An early front-runner in the contest, Liberty receded from the lead last month, after agreeing to purchase control of QVC, the popular home-shopping cable network, for $7.9 billion. Though Liberty insisted as recently as last week that it continued to be interested in the Vivendi assets, some investors worried that doing both transactions could strain Liberty’s credit rating.

Liberty, like the three other suitors that have withdrawn from the auction -- Comcast Corp., Metro-Goldwyn-Mayer Inc., and a group led by oil titan Marvin Davis -- considered Vivendi’s $14-billion asking price too steep. Liberty, which is controlled by John Malone, did not come close to meeting Vivendi’s price demands in a second round of bids last week.

“The synergy opportunities with our other businesses are not sufficient to support the expected transaction value,” Robert Bennett, Liberty president and CEO, said in a statement Monday.

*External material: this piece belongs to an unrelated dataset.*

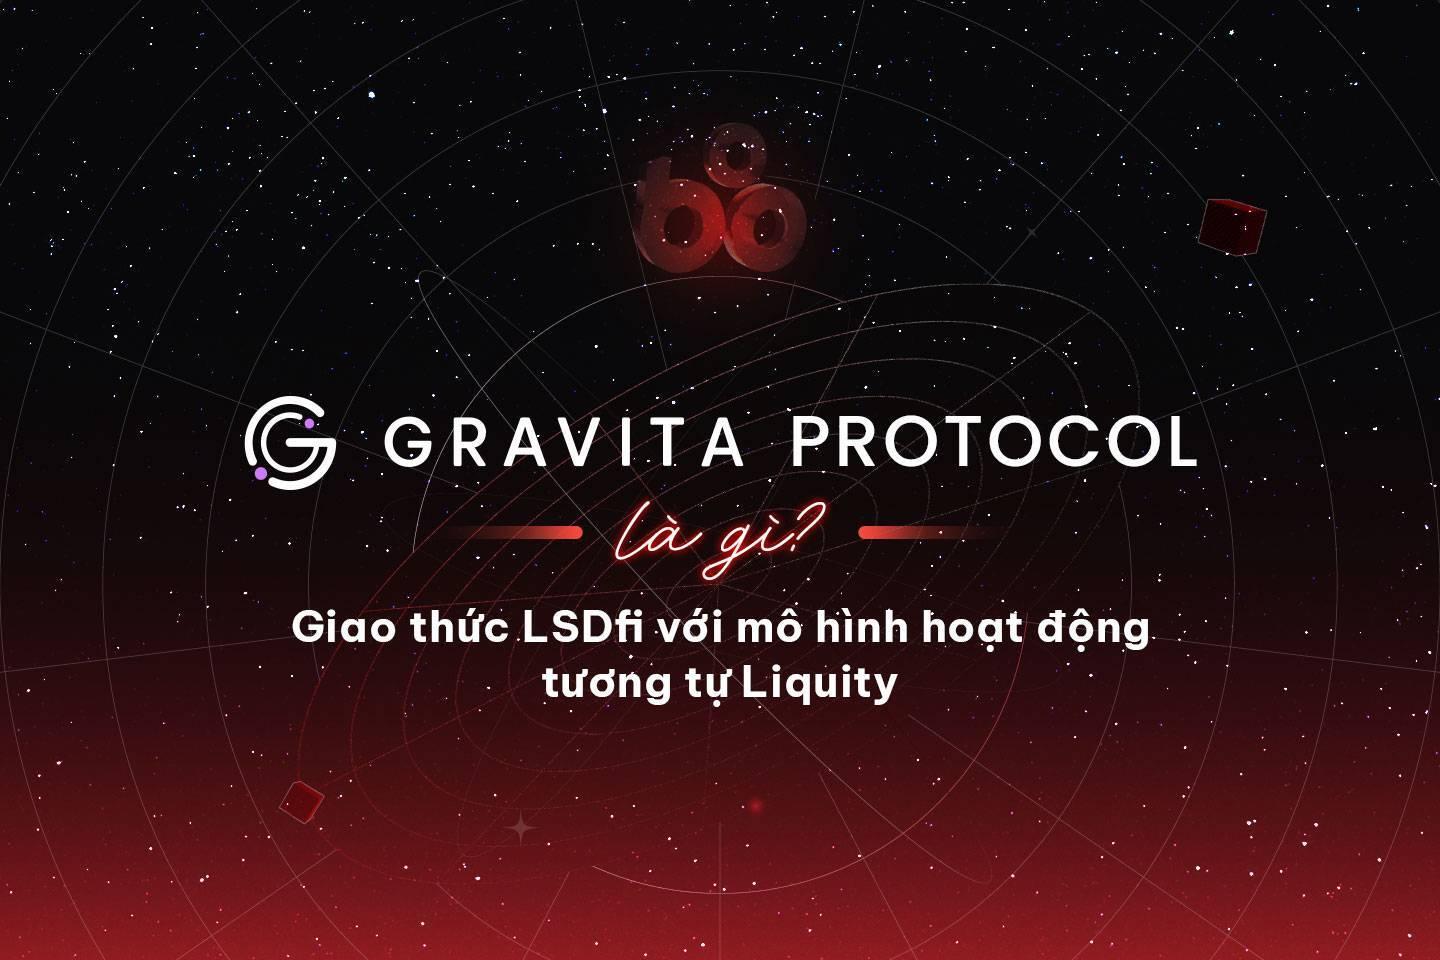 gravita-protocol-la-gi-giao-thuc-lsdfi-voi-mo-hinh-hoat-dong-tuong-tu-liquity

Industry observers say Malone remained active in the auction partly to spur the perception of a bidding war -- a tactic designed to protect Liberty’s 3.6% equity interest in Vivendi Universal.

Vivendi Chief Executive Jean-Rene Fourtou, however, was not eager to sell to Malone after Liberty sued the company this year, according to several people close to the negotiations. Liberty alleged that Vivendi misled investors about its financial position before plunging to near-bankruptcy under the weight of debt.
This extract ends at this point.